Ming Lo Moves the Mountain
- Author: Arnold Lobel
- Illustrator: Arnold Lobel
- Cover artist: Arnold Lobel
- Language: English
- Genre: Children's books Picture books
- Publisher: Greenwillow/William Morrow
- Publication date: 1982
- Publication place: United States
- Media type: Print

= Ming Lo Moves the Mountain =

Book by Arnold Lobel

Ming Lo Moves the Mountain is a children's picture book by Arnold Lobel, published in 1982.

==Plot==
A mountain towers over the little house where Ming Lo and his wife live, blocking sunlight and attracting rain. Ming Lo's wife tells Ming Lo that he must move the mountain. They follow the local wise man's advice without success. Finally, he tells them to perform a long dance with closed eyes while carrying all they possess, including the sticks of which their house is built.

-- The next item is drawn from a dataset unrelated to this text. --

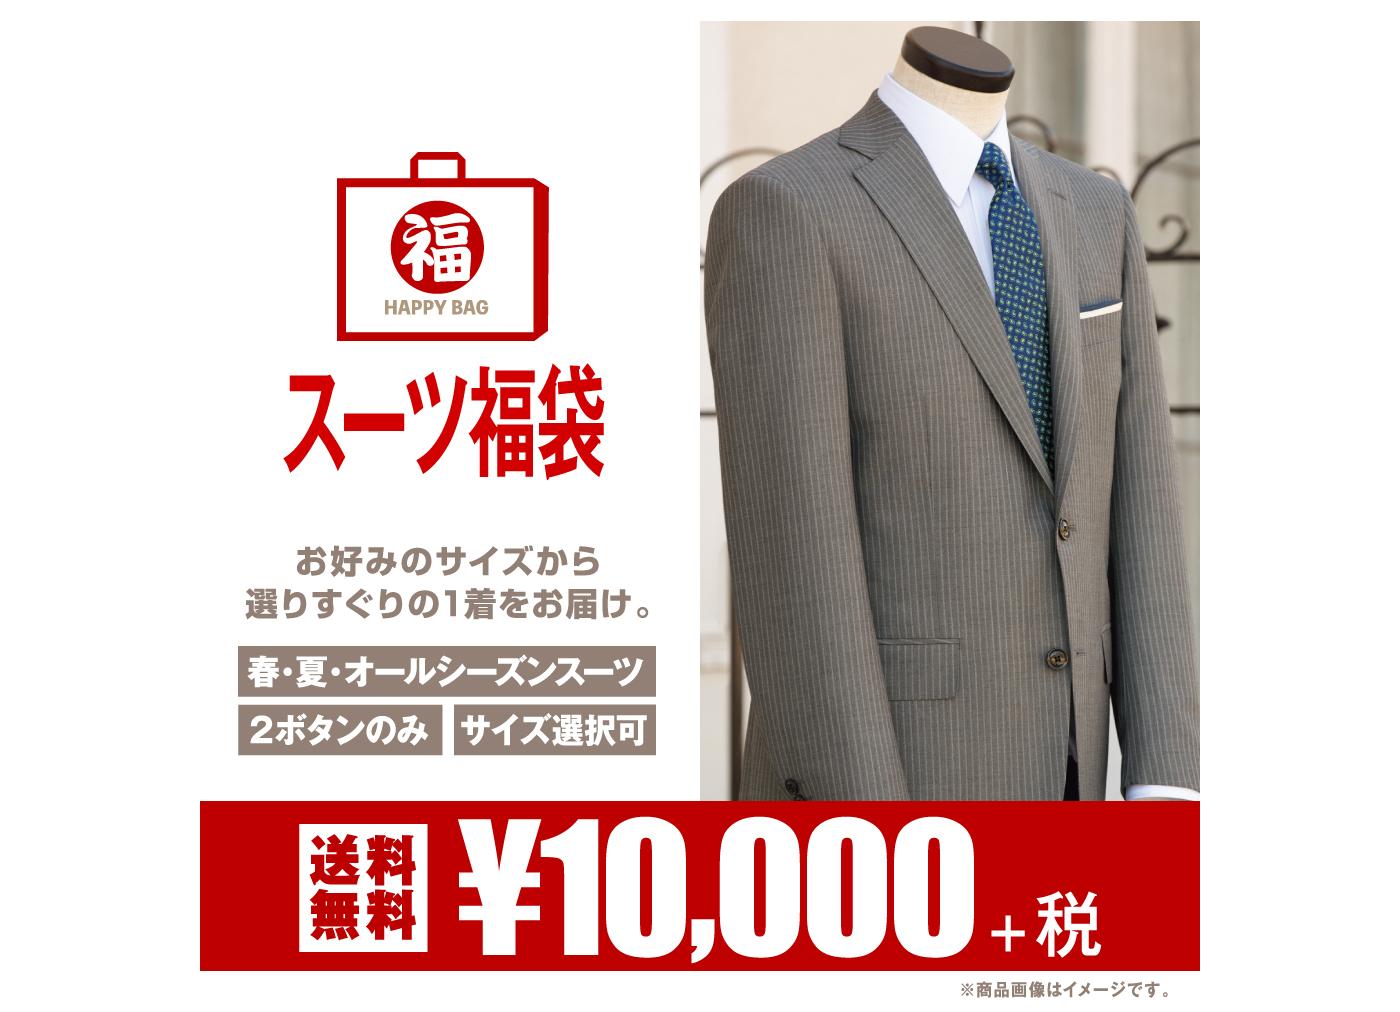 楽天のAOKIでアウトレットスーツが10800円、ポイント半額バックで販売中。
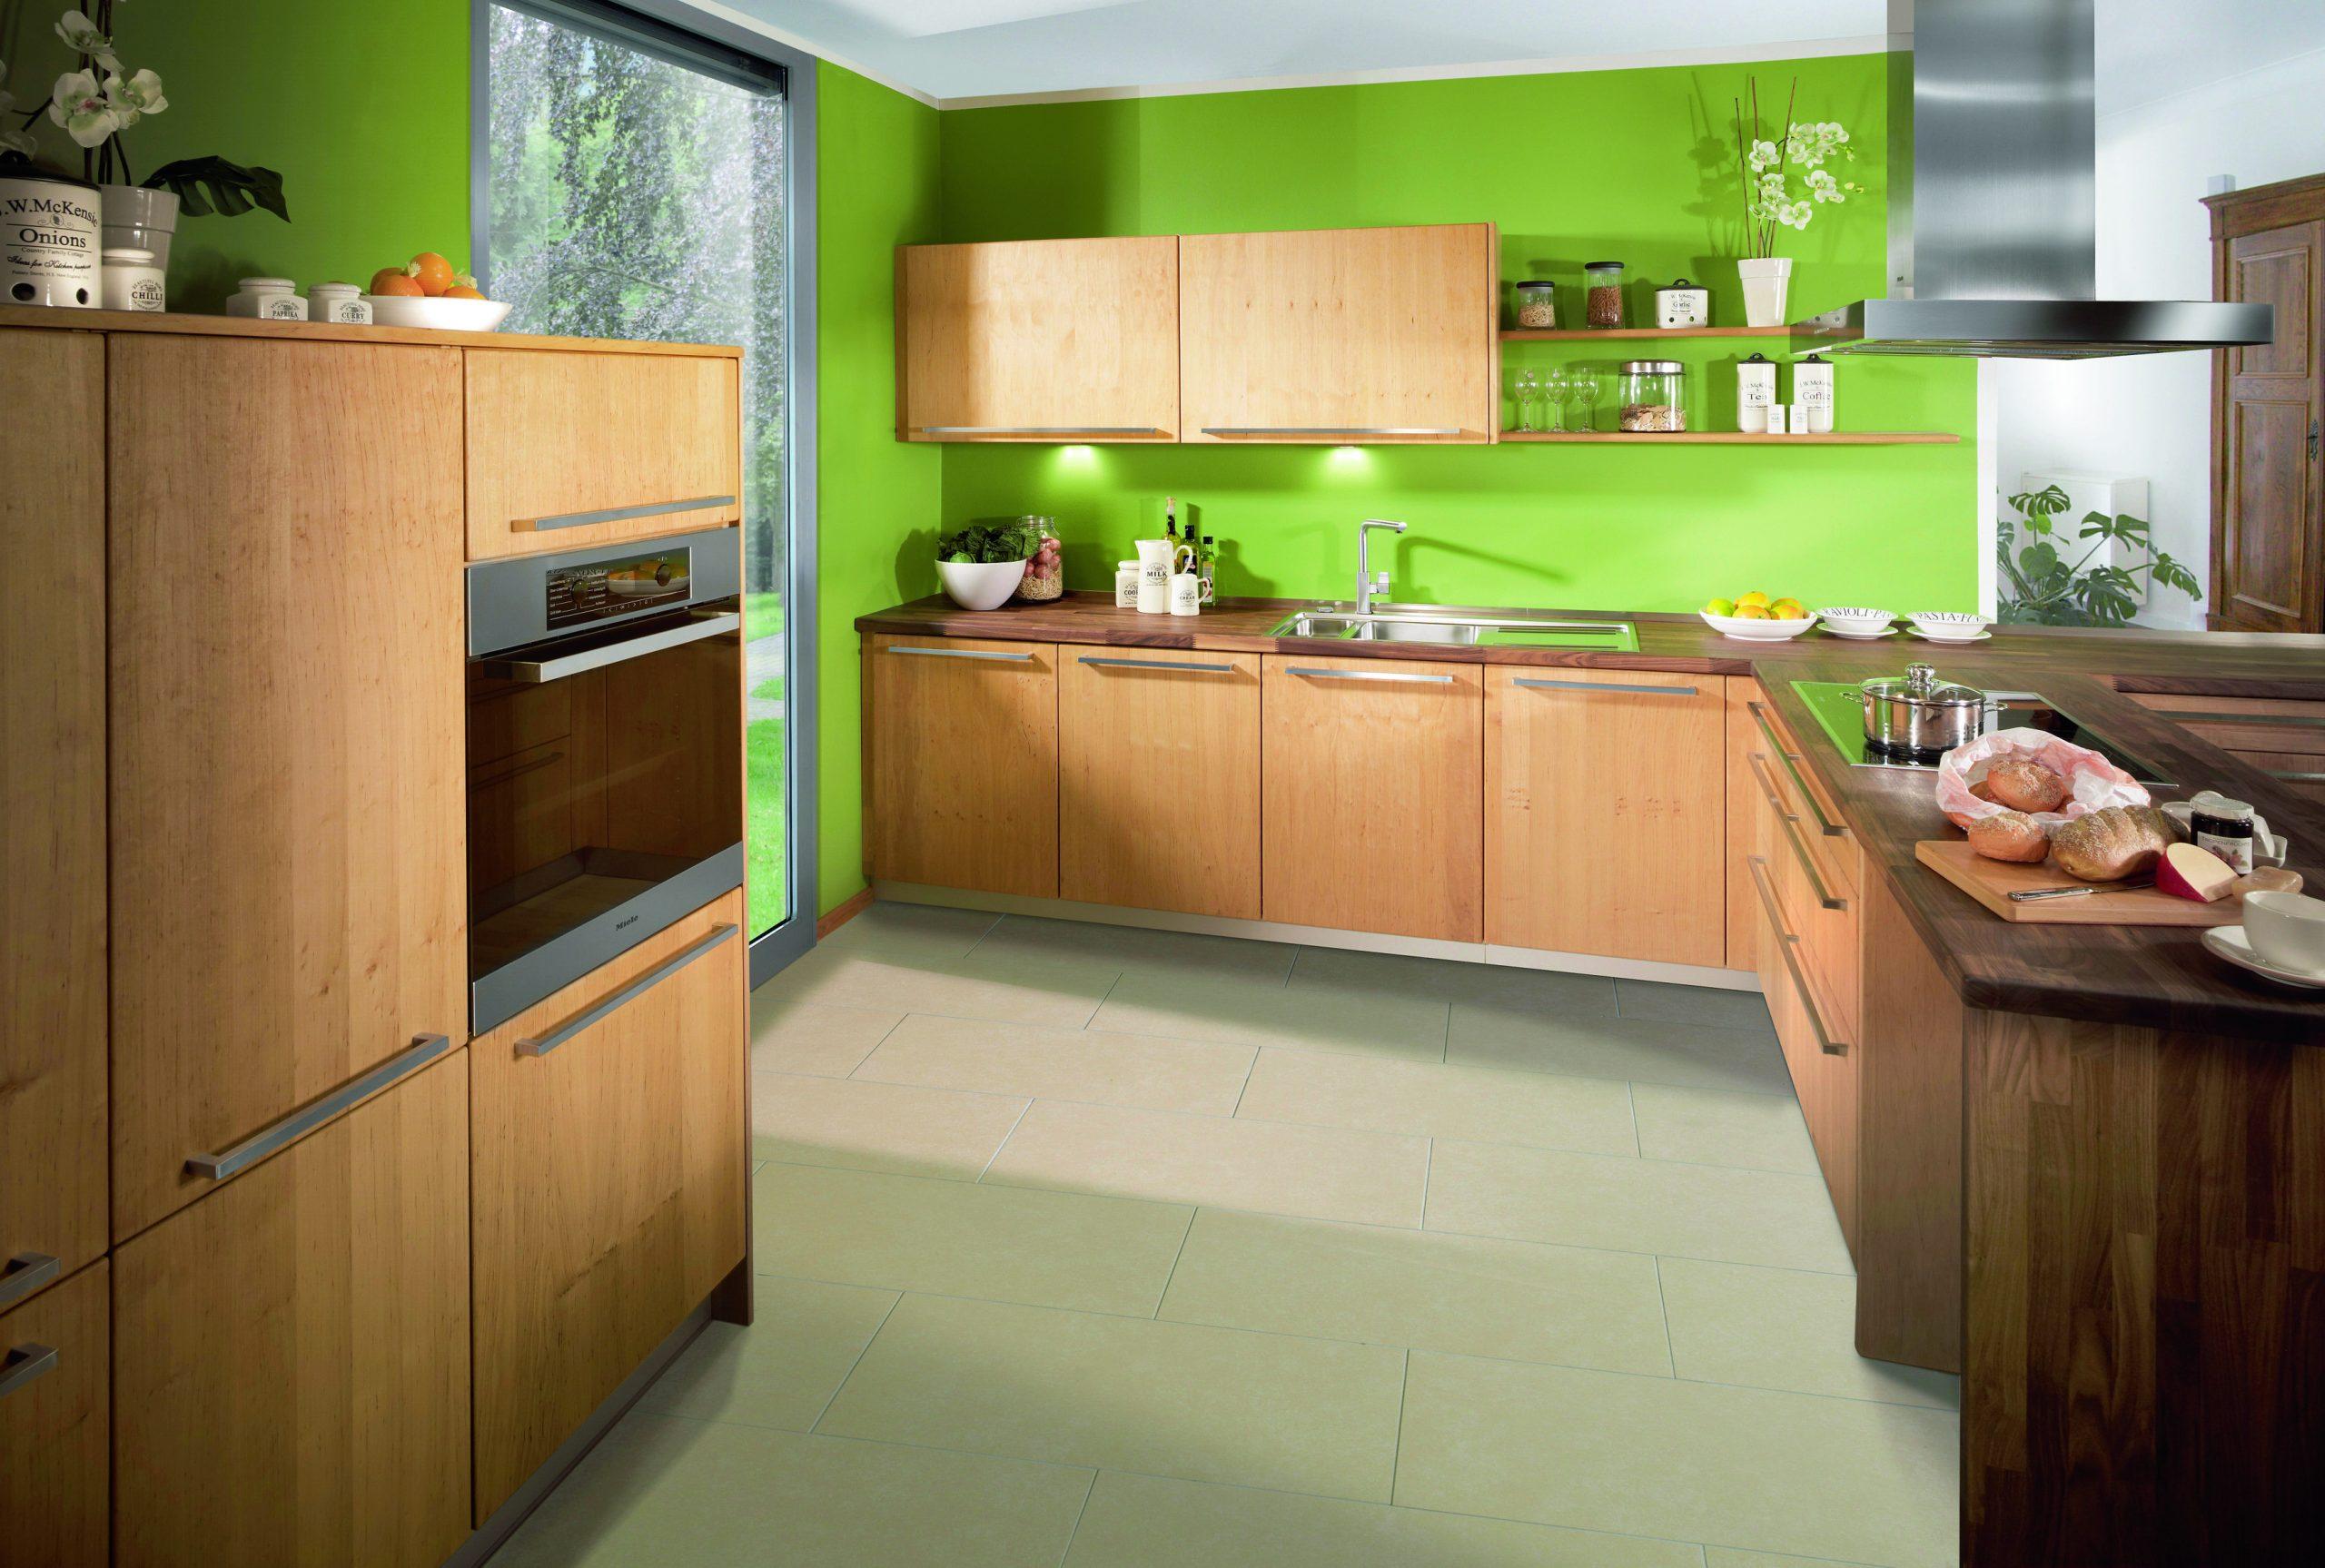 Full Size of Holzküche Streichen Welche Farbe Hape Wanju Holzküche Baby One Holzküche Holzküche Restaurieren Küche Holzküche

When they open their eyes, they find that the mountain has moved and happily rebuild their home.

==Reception==
The book is an ALA Notable Children's book. A New York Times review said, "The tone of the story and the look of the book are as inseparable as Ming and the Mrs.: restrained and amusing, a measured dance to the accompaniment of gentle laughter." It is used as a lesson in schools in the book Literacy Instruction for Culturally and Linguistically Diverse Students and the book Great Teaching with Graphic Organizers. The book is also talked about in the book Balancing Acts.